Here's one from the department of unintended consequences. Over the past week or so I have spent a lot of time working with students on their resumes. February turns out to be time when most of the theatre community looks for work over the summer. It's been during this stretch that I have noticed that my particular brand of problem solving, while having a net positive effect on production and pedagogy (or at least I hope so) has done a downright disservice to student resume writing.
It goes like this, up until two years ago we were in the traditional production mode that schools tend to be in. Students in my area working on production got to list things like Technical Director, Assistant Technical Director, or Master Carpenter on their resumes. They knew what to write and people reading the documentation understood what they were doing. Then two years ago I had an idea. It was a good idea and centered around people getting to do better projects and maybe work a little less - or at least spend their time more valuably. So we swapped the traditional structure for a commercial scene shop structure. Its been an interesting experience and has provided all kinds of nuances. One of the upshots though has been that the tried and true titles of the past no longer worked in practice and we wound up calling people Project Manager, Job Lead, and Carnegie Scenic Apprentice (if you're not me, if you are me you say Crazy Scheme Apprentice).
Really, I think once you get the conversation I think that these positions are better developmentally anyway - but, they do look odd on a resume.
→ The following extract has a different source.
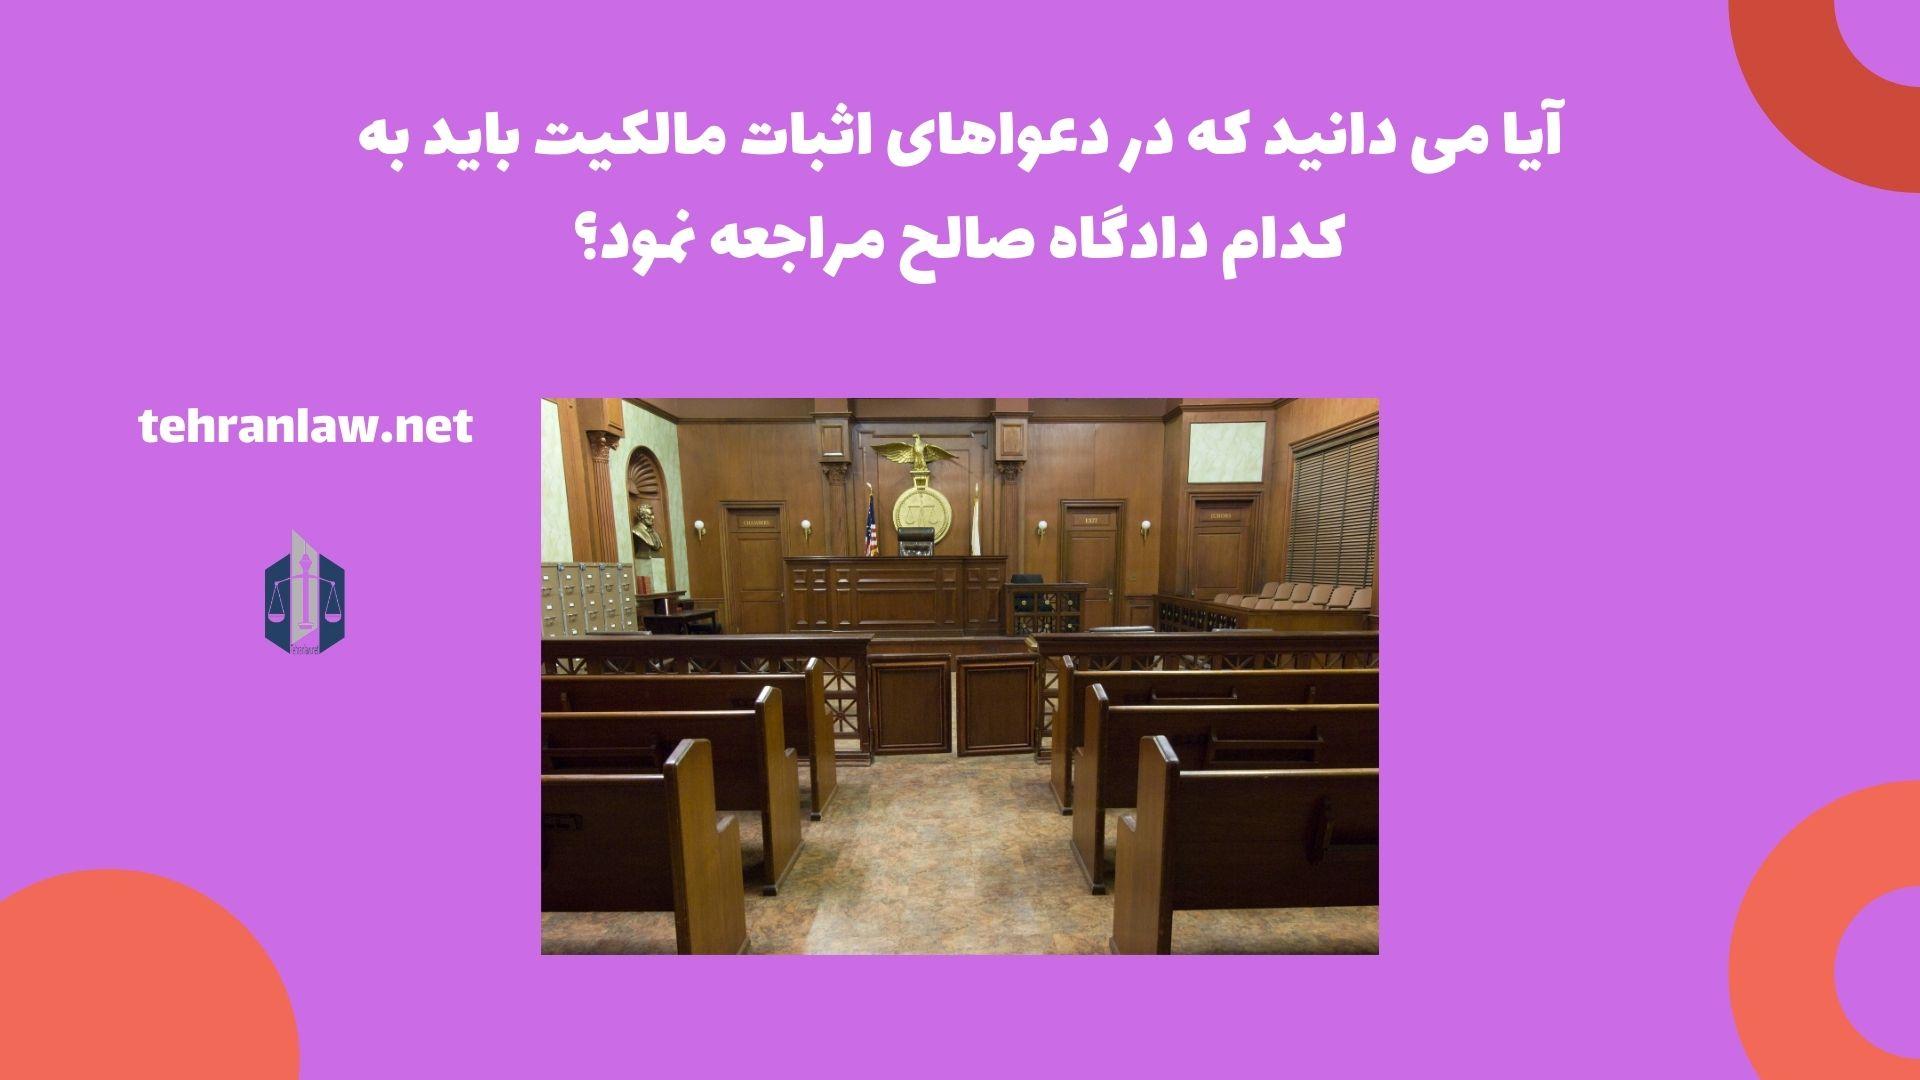 آیا می دانید که در دعواهای اثبات مالکیت با کدام دادگاه صالح مراجعه نمود؟

Additionally, depending on the people in the positions, the job responsibilities change significantly and when first seeing them many employers have no idea what we're on about. Oh well. Then I had another idea.
A year ago we had a discussion about how we were arranging freshman crew. At the time, most production students got a run crew and a build crew over the course of the year. Some people got significantly more than that. So when they went to write their resumes they would say run crew, or build crew; maybe focus crew or something like that. Again, straight forward and recognizable. Except that we were having many people that never got an opportunity to have all the experiences while simultaneously having the same people get overloaded with too much work. Enter the resume killing idea specialist again. We revamp the freshman experience: capping weeks, distributing experiences across all the disciplines, and tying the production experience directly to professionally mentored classroom work. Fabulous, seems to do great things, except what was build crew or focus crew now becomes:
and once again once you get to explain it is a wonderful thing, but at first glance nobody has any idea what we're on about.
So with two ostensibly good ideas I have pummeled the resumes of Freshmen, Juniors, Seniors, and all my Grads. This spring we are looking at the sophomore crew experience. At the moment it looks strikingly like Build Crew. My job seeking students can only hope I don't have any good ideas before this gets sent to the Registrar.